Meski terlahir dari keluarga yang cukup berada, karena perubahan keadaan politik, keluarganya terpaksa menjalani kehidupan seadanya. Dari rumah yang tergolong besar, mereka harus menjualnya, dan menyewa sebuah losmen sempit.
CT pun mulai berdagang, dari berjualan buku kuliah stensilan, kaos, sepatu, dan aneka barang lain di kampus dan kepada teman-temannya. Dari modal usaha itu, dia berhasil membuka sebuah toko peralatan kedokteran dan laboratorium di daerah Senen Raya, Jakarta. Sayang, karena sering memberi fasilitas kepada rekan kuliah, serta sering menraktir teman, usaha itu bangkrut.
Walau bangkrut, CT muda malah semakin terpacu, dia melirik bidang kontraktor sebagai sasaran bisnisnya. Meski kurang berhasil, dia merasa mendapat pelajaran banyak hal dari bisnis-bisnis yang pernah ditanganinya. Dari bekal pengetahuan itu, ia memberanikan mendirikan CV pertamanya pada 1984 dan menjadikannya PT pada 1987.

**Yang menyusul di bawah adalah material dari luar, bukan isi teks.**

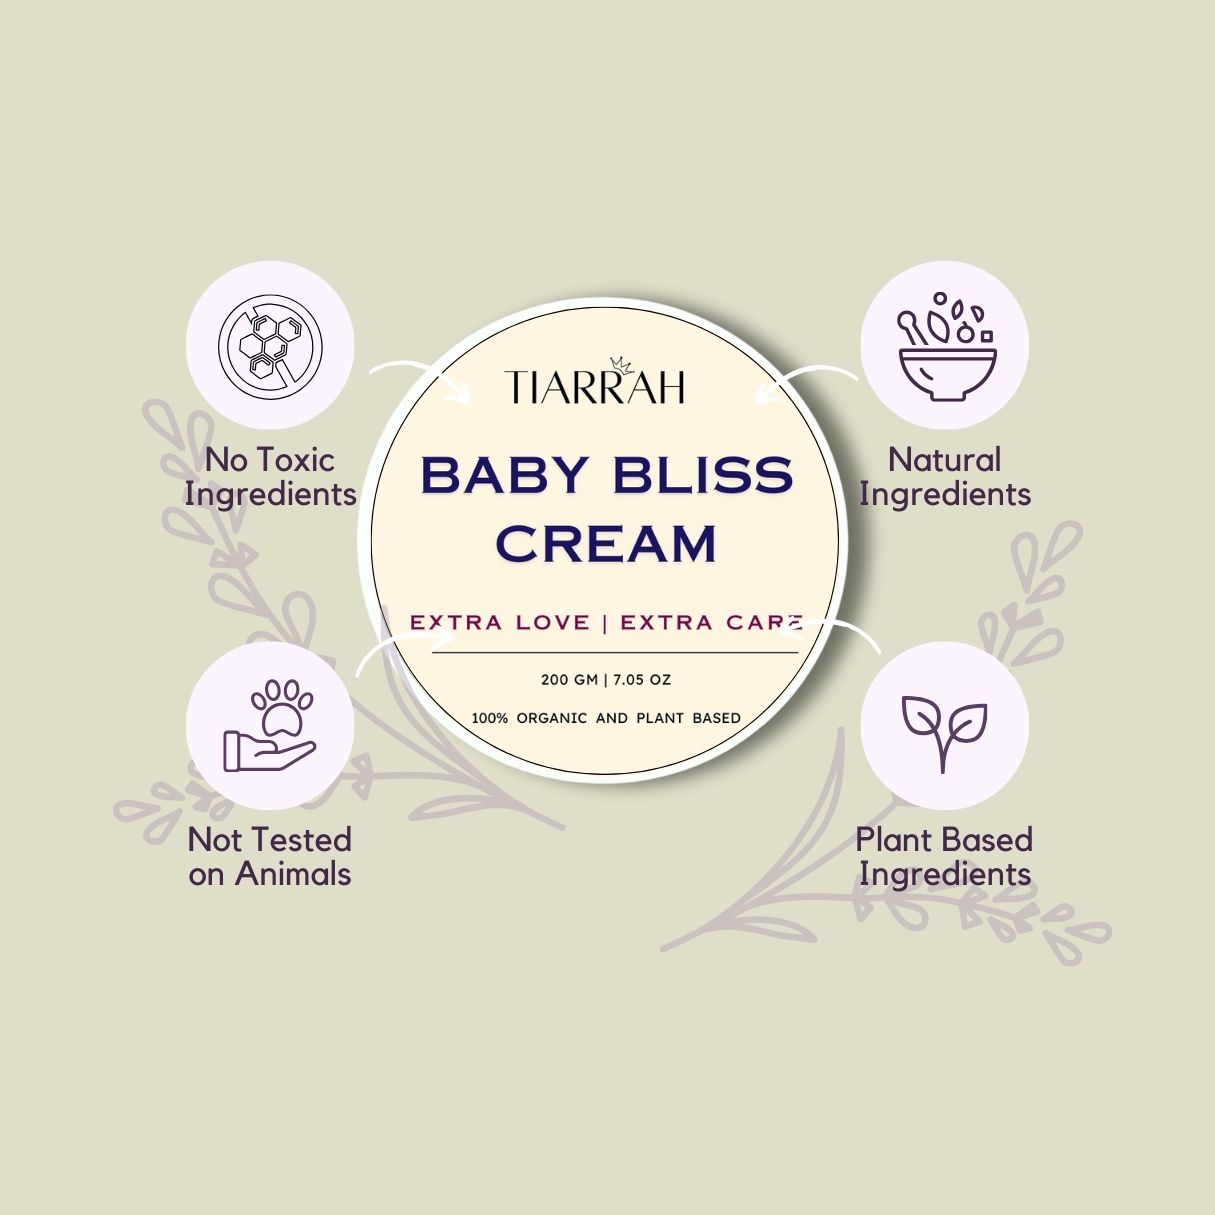 Organic Baby Bliss Cream from Tiarrah - The Luxury Bath and Body Care Shop

Dari PT bernama Pariarti Shindutama itu, ia berkongsi dengan dua rekannya mendirikan pabrik sepatu. Kepiawaiannya menjaring hubungan bisnis langsung membuat sepatu produksinya mendapat pesanan sebanyak 160 ribu pasang dari pengusaha Italia. Dari kesuksesan ini, bisnisnya merambah ke industri genting, sandal, dan properti. Namun, di tengah kesuksesan itu, rupanya ia mengalami perbedaan visi dengan kedua rekannya. Maka, ia pun memilih menjalankan sendiri usahanya.
Lompatan besar bermula ketika dia memutuskan untuk mengambil alih kepemilikan Bank Mega pada 1996 lalu. Berkat tangan dinginnya, bank kecil dan sedang sakit-sakitan yang sebelumnya dikelola oleh kelompok Bappindo itu kemudian disulap menjadi bank besar dan disegani. Pada akhirnya bank ini pun menjadi pilar penting dalam menopang bangunan Para Group. Sementara, Dua pilar lain adalah Trans TV dan Bandung Supermall.